Ей хотелось подумать о чем-нибудь другом, но никак не оторвешь мыслей от Щербица. Сама того не замечая, она в действительности глубоко страдала от разочарования. Вот он какой — этот Щербиц. Затем только все устроил, для того был такой обходительный, самоотверженный, смелый, гордый, чтобы легче и верней овладеть ею. Просто такой прием... Некоторое время она ничего не чувствовала... Но вдруг — изумление. Будто дно отвалилось у парохода, и она летит в морскую пучину: тоска по его белым рукам, по глазам, полным отчаяния, по искривленным болью милым губам... Можно было все это одним кивком успокоить, но она не успокоила...
Некоторое время она опять лежала, ничего не чувствуя... Пока вдруг, где-то на гребне новой волны, из души не хлынуло новое чувство горечи, да такое глубокое, будто из сквозной душевной раны. Этот поступок Щербица, его предательство вдруг оказалось зеркалом, в котором она увидела поступок Лукаша. Не мыслями, а скорей ощупью мучительно блуждающего сердца постигла она, что Лу-каш тоже добивался только ее ласк, ее нежности, удовлетворения своего «животного» инстинкта.
Она вспомнила ту утонченность в наслаждении, которой он учил ее. Хладнокровно вспомнила те собственные, сладострастные, отвратительные слова — слова потрясающей глубины и силы, слова-чудовища, которые были тогда необходимым дополнением к радости, окончательной приправой и ярлыком счастья.
Вдруг пароход стало кидать из стороны в сторону, как будто кто хотел сбить его с намеченного пути и столкнуть в хаос.
Мало-помалу Евой овладела тихая дремота, полная видений, воспоминаний, мимолетных ощущений того, что уже больше не существует.
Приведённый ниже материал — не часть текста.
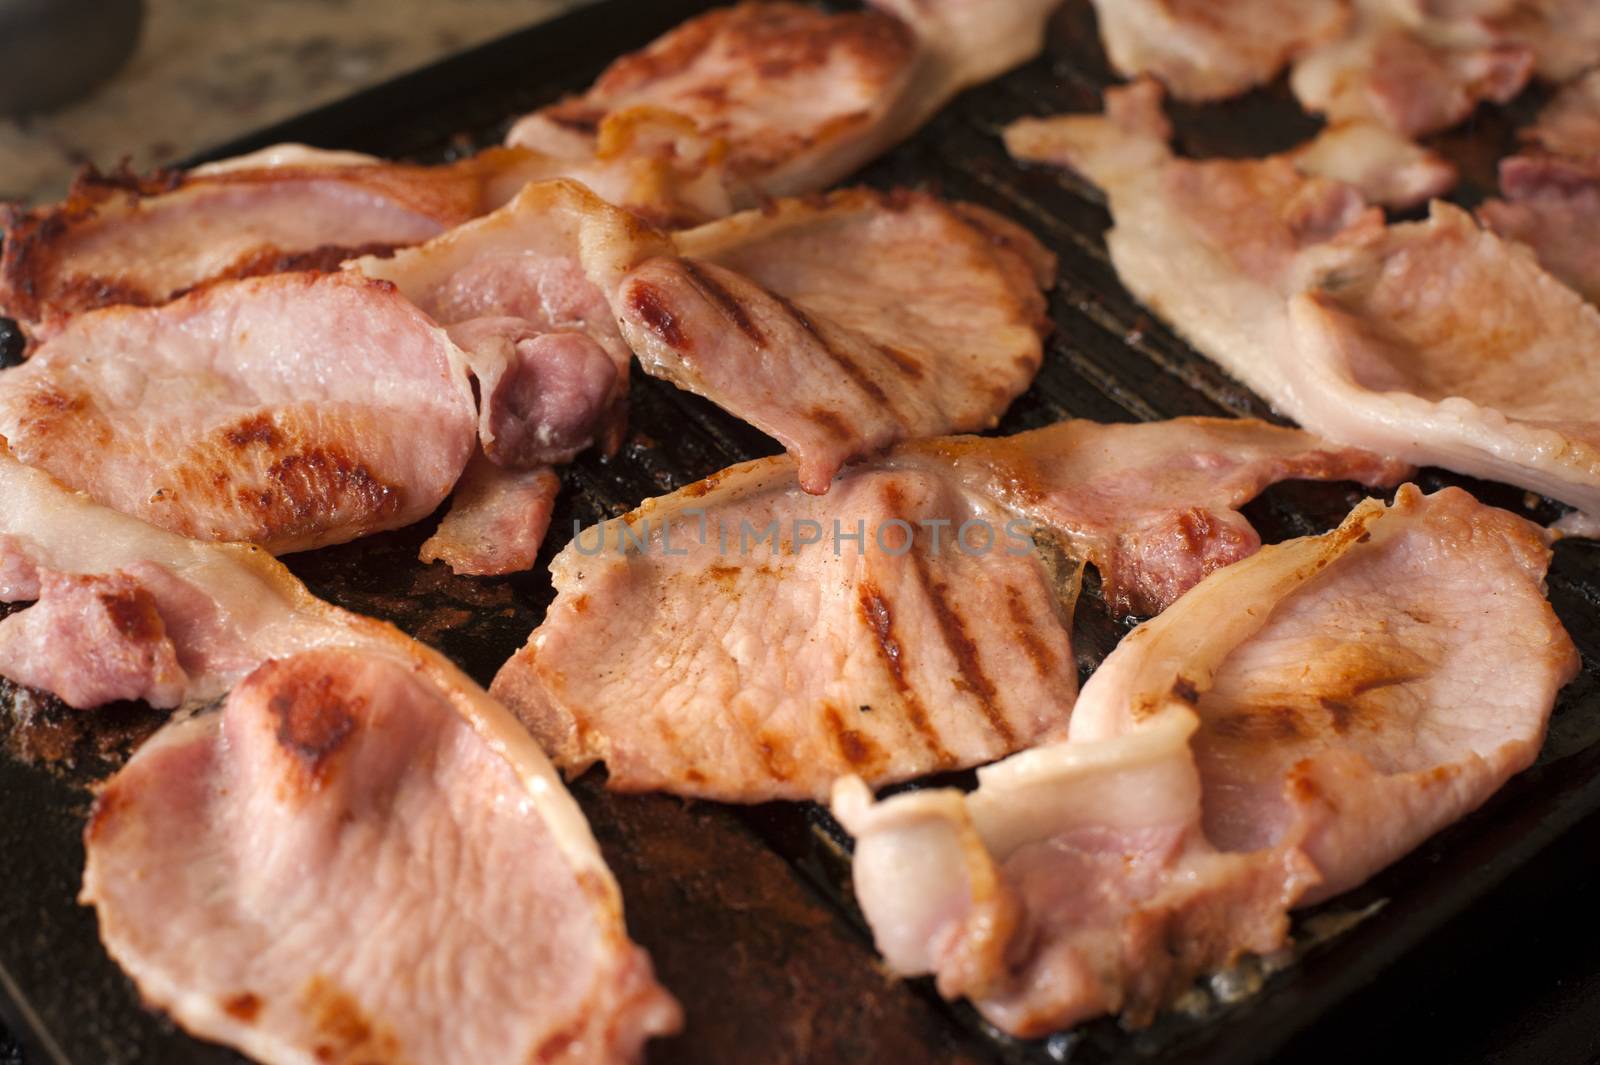 Cooking rashers of bacon for breakfast with a close up view of slices sizzling in a frying pan

Варшава... Апрельская ночь... Масса народа на улицах... Унизительный труд, который люди подымают, волокут, тащат на себе для чужой выгоды. Молодые девушки — жалкие подъяремные волы... Работают, бьются для того, чтобы раньше или позже стать жертвами мужчин... Наняться на работу к этим мужчинам, этим негодяям, и служить их удовольствию...
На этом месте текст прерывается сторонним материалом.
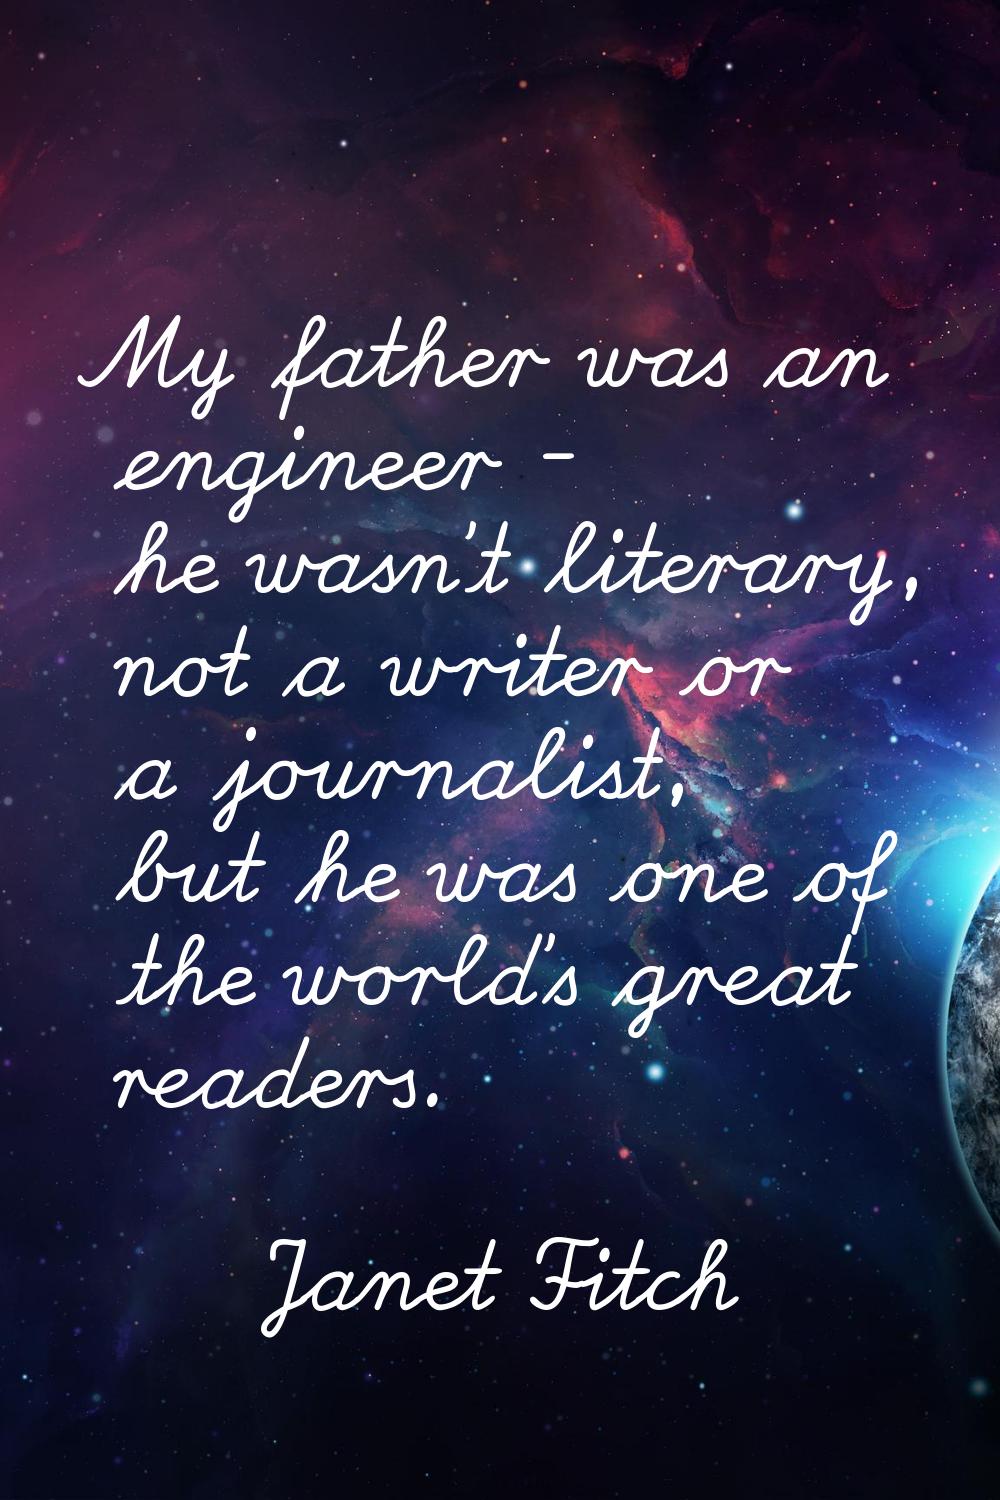 My father was an engineer - he wasn't literary, not a writer or a journalist, but he was one of the

Ева спала тем сном, во время которого ощущаешь, слышишь и видишь все. Часа в три ночи послышался продолжительный свисток. Пароход подходил (и в конце концов вошел туда) к порту Кальви, уже на Корсике. Кто-то сказал об этом за портьерой каюты. Ева соскочила с полки и пошла в зал, а оттуда на палубу.
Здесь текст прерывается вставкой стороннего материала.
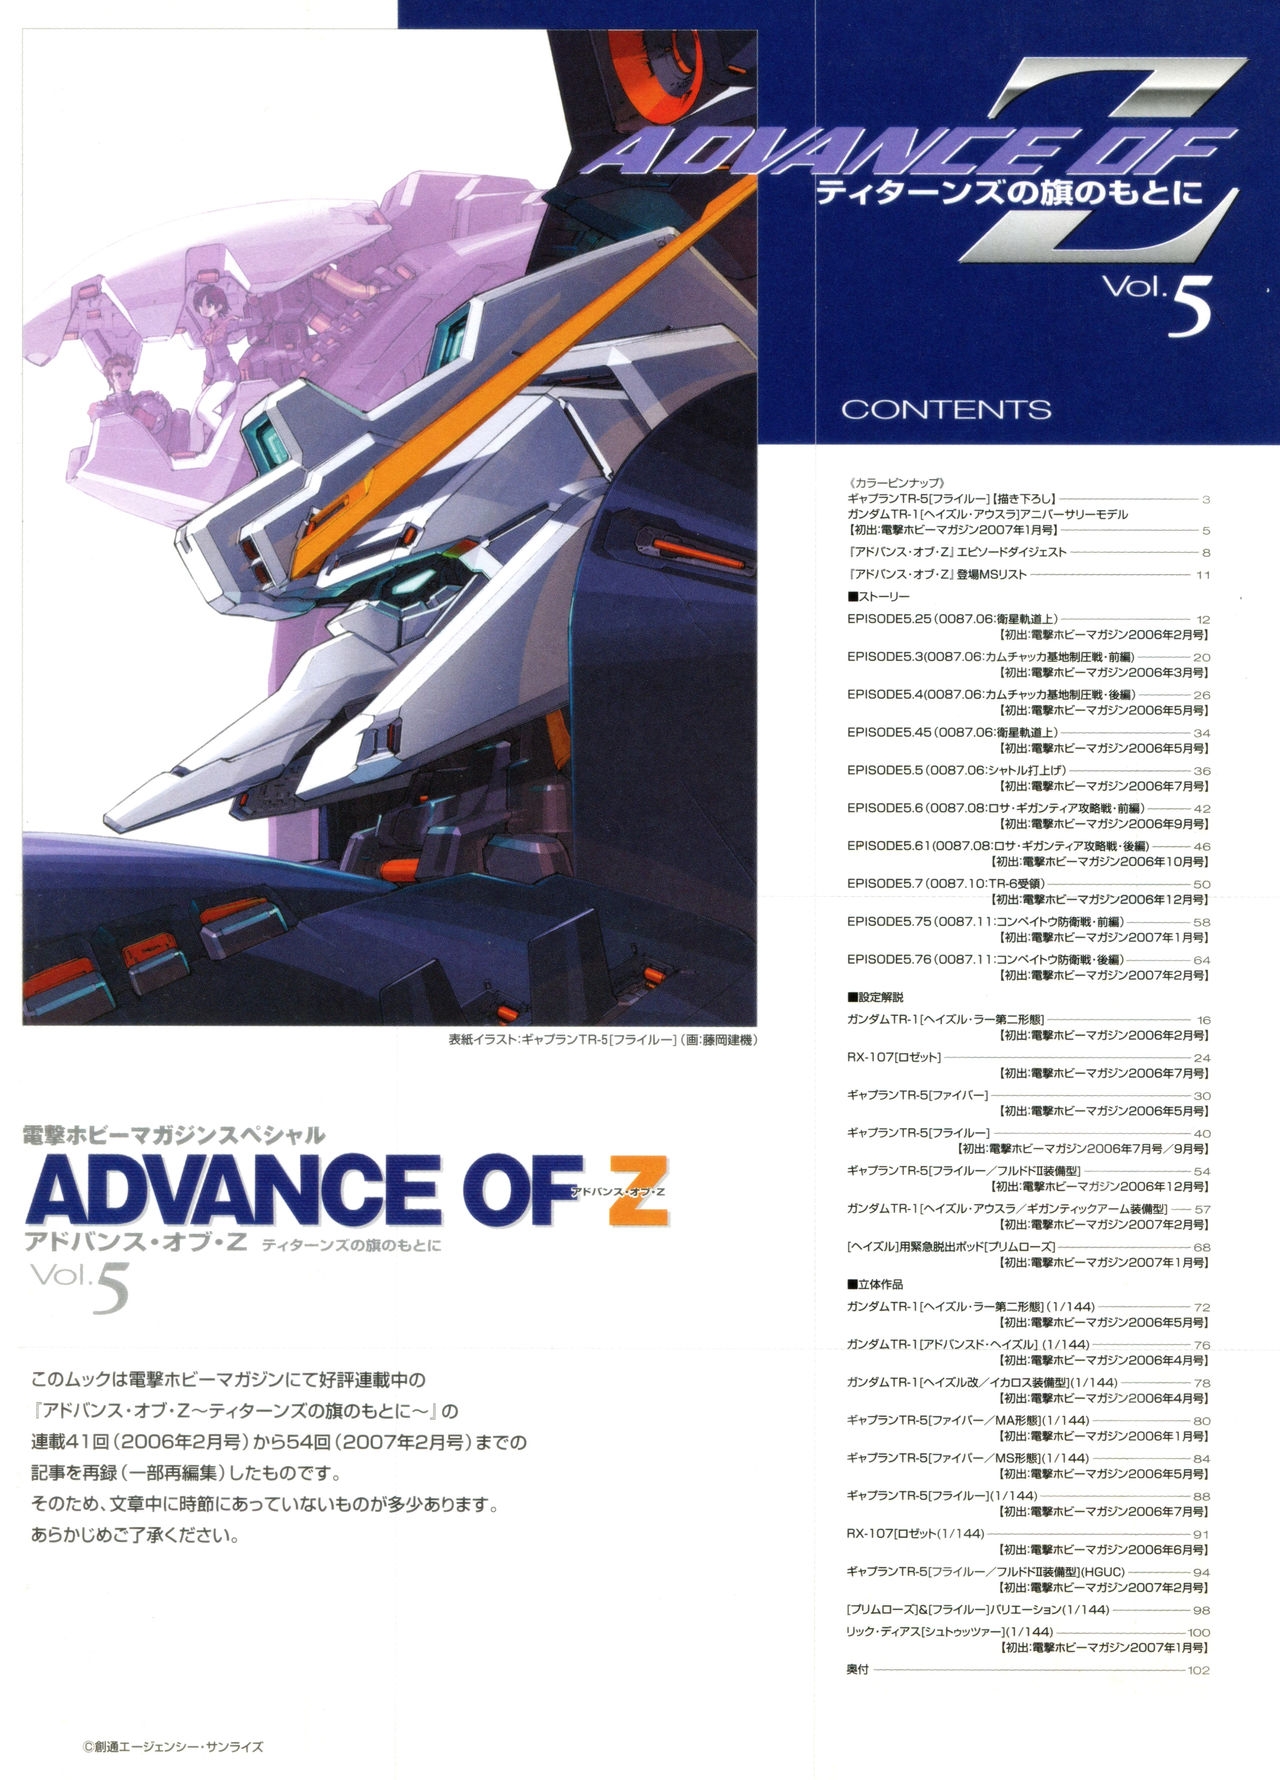 Advance of Z - The Flag of Titans Vol.5 3

По-прежнему моросил мелкий дождик. Неподвижная голубая полоса от маяка разрезала черную ночь и черную воду залива. Все сплошь тонуло во мраке, не исключая берега, где блестел один только освещенный прямоугольник,— видимо, дверь в трактир. В свете маяка двигались два густо-черных силуэта — капитан и еще кто-то, в резиновых плащах с натянутыми на голову капюшонами, стуча огромными и высокими — по самые бедра — сапогами. Они говорили о чем-то по-корсикански или еще как-то по-морскому, так что особе женского пола из Королевства Польского понять не было никакой возможности. У бортов парохода заплескалось несколько лодок, пришедших за пассажирами, почтой и грузом. Забрали они и занемогшего толстяка, который по-прежнему стонал и неожиданно вскрикивал, неся наказание за свое простодушное обжорство и неумеренное потребление пива. Уже поставленный обеими ногами на твердую землю, уже ухватившись руками за спасительный фонарный столб, он все клохтал, будто курица, у которой типун, извергая содержимое своего желудка прямо в Средиземное море. Огни исчезли, гомон перевозчиков затих. На мокрой, залитой водой скользкой палубе было нечего делать. Ева вернулась в каюту. Легла на койку и заснула наконец мертвым сном.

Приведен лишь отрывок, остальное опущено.